Rowe v. Table Mountain Water Co.

10 Cal. 441
CourtCalifornia Supreme Court
DecidedJuly 1, 1858
StatusPublished
Cited by14 cases

This text of 10 Cal. 441 (Rowe v. Table Mountain Water Co.) is published on Counsel Stack Legal Research, covering California Supreme Court primary law. Counsel Stack provides free access to over 12 million legal documents including statutes, case law, regulations, and constitutions.

Bluebook
Rowe v. Table Mountain Water Co., 10 Cal. 441 (Cal. 1858).

Opinion

Baldwin, J., delivered the opinion of the Court

Terry, C., J., and Field, J., concurring.

The first assignment of error is, that the note and mortgage are those of the persons signing—McCall and Clary—and not of the corporation. A default confesses all the material facts in the complaint. Unless it were impossible, in fact, therefore, for this note and mortgage, thus executed, to be the note and mortgage of this corporation, the objection fails. We can not see why the corporation, if it chose to do so, could not as well bind itself in this- form as in any other. A party may bind himself, if such is- his design, by a fictitious signature, and if he admits such to be his intention, he can not complain that he is held by it. It is expressly averred that the corporation made this note in this way. It is not impossible that this note was so made in this way by express authority and direction of its by-laws; indeed, it is expressly averred that the president and secretary, signing, were expressly empowered, for and on behalf of the corporation, so to act.

The second assignment is answered by the case of Rollins v. Forbes, (ante, 299.)

The third and fourth assignments are already answered. The complaint states, in so many words, that the note and mortgage were the acts of the corporation, and no further authority is necessary to be averred.

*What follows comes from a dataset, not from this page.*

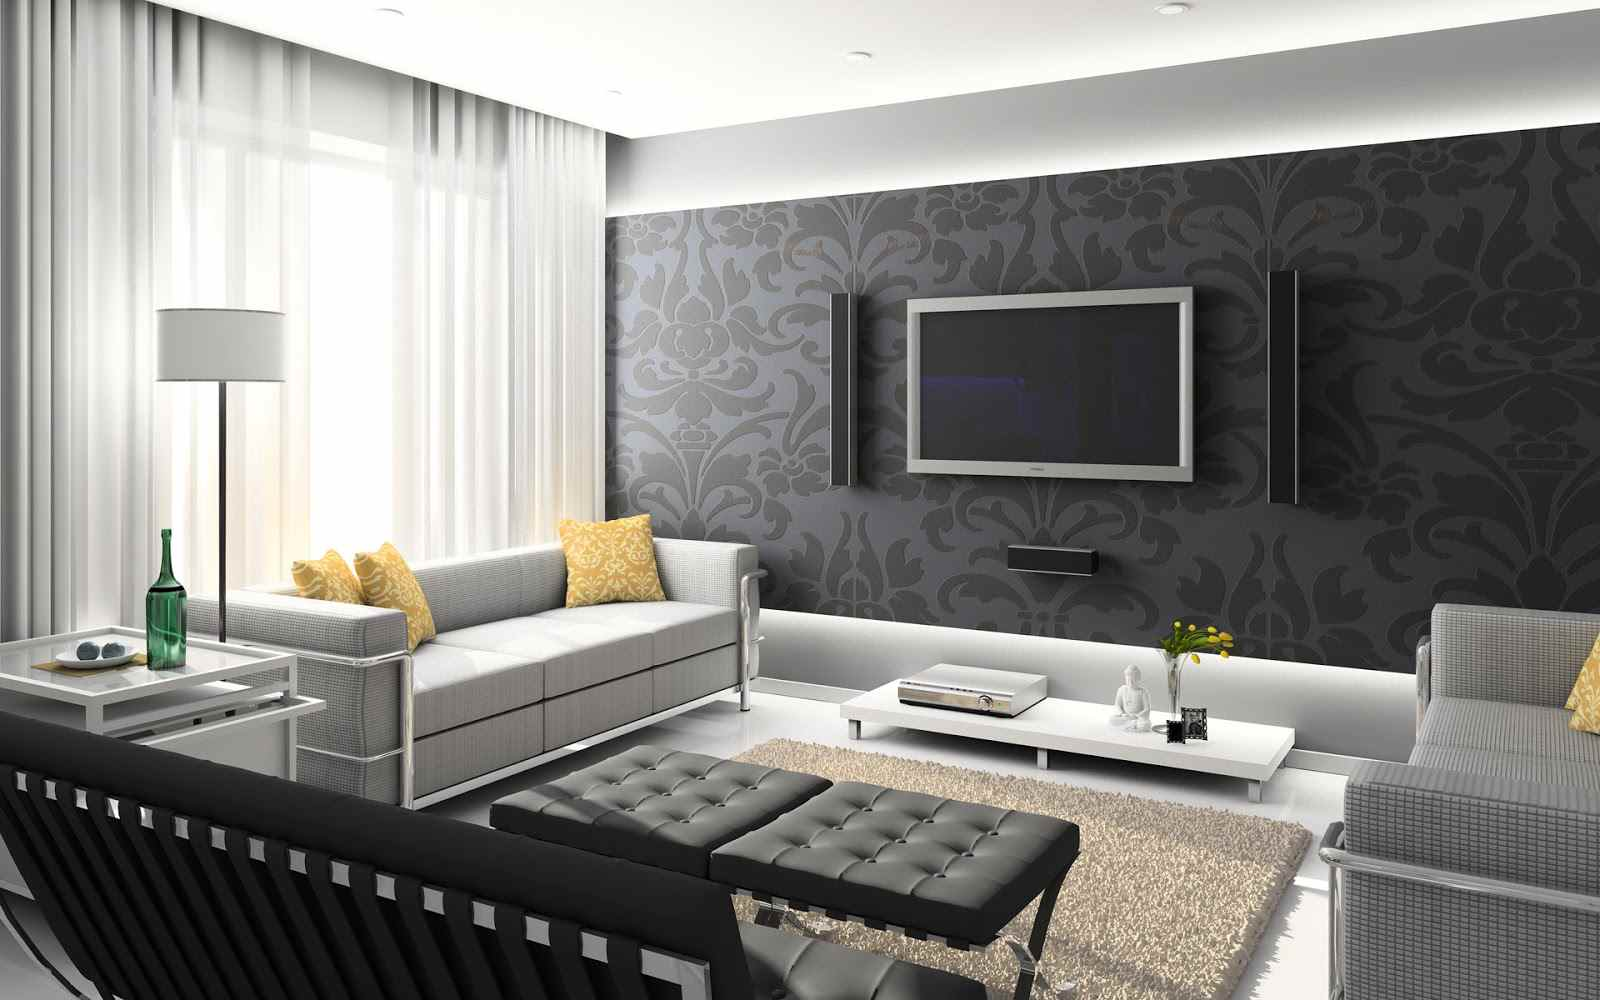 Home Wallpaper Pattern wallpaper for your home - wallpapersafari

The last assignment questions the regularity of a judgment by default, by a service of the summons upon one McCall, as president, and Clary, as secretary, without some proof beyond the mere return, that these persons were such officers. As to this point, we have had some doubt, but as the statute expressly authorizes a service upon the corporation by serving the summons on their officers, and as the practice has been to take judgment by default upon a return of this sort, we do not feel inclined to hold it erroneous. Upon principle, we can not see that the sheriff is not as much bound to ascertain the fact, as to the persons who fill these offices, as other facts involved in a return quite as difficult of ascertainment; as, for example, the identity of property, whether it be homestead, or otherwise exempt, the ownership, the possession, boundaries, etc., etc.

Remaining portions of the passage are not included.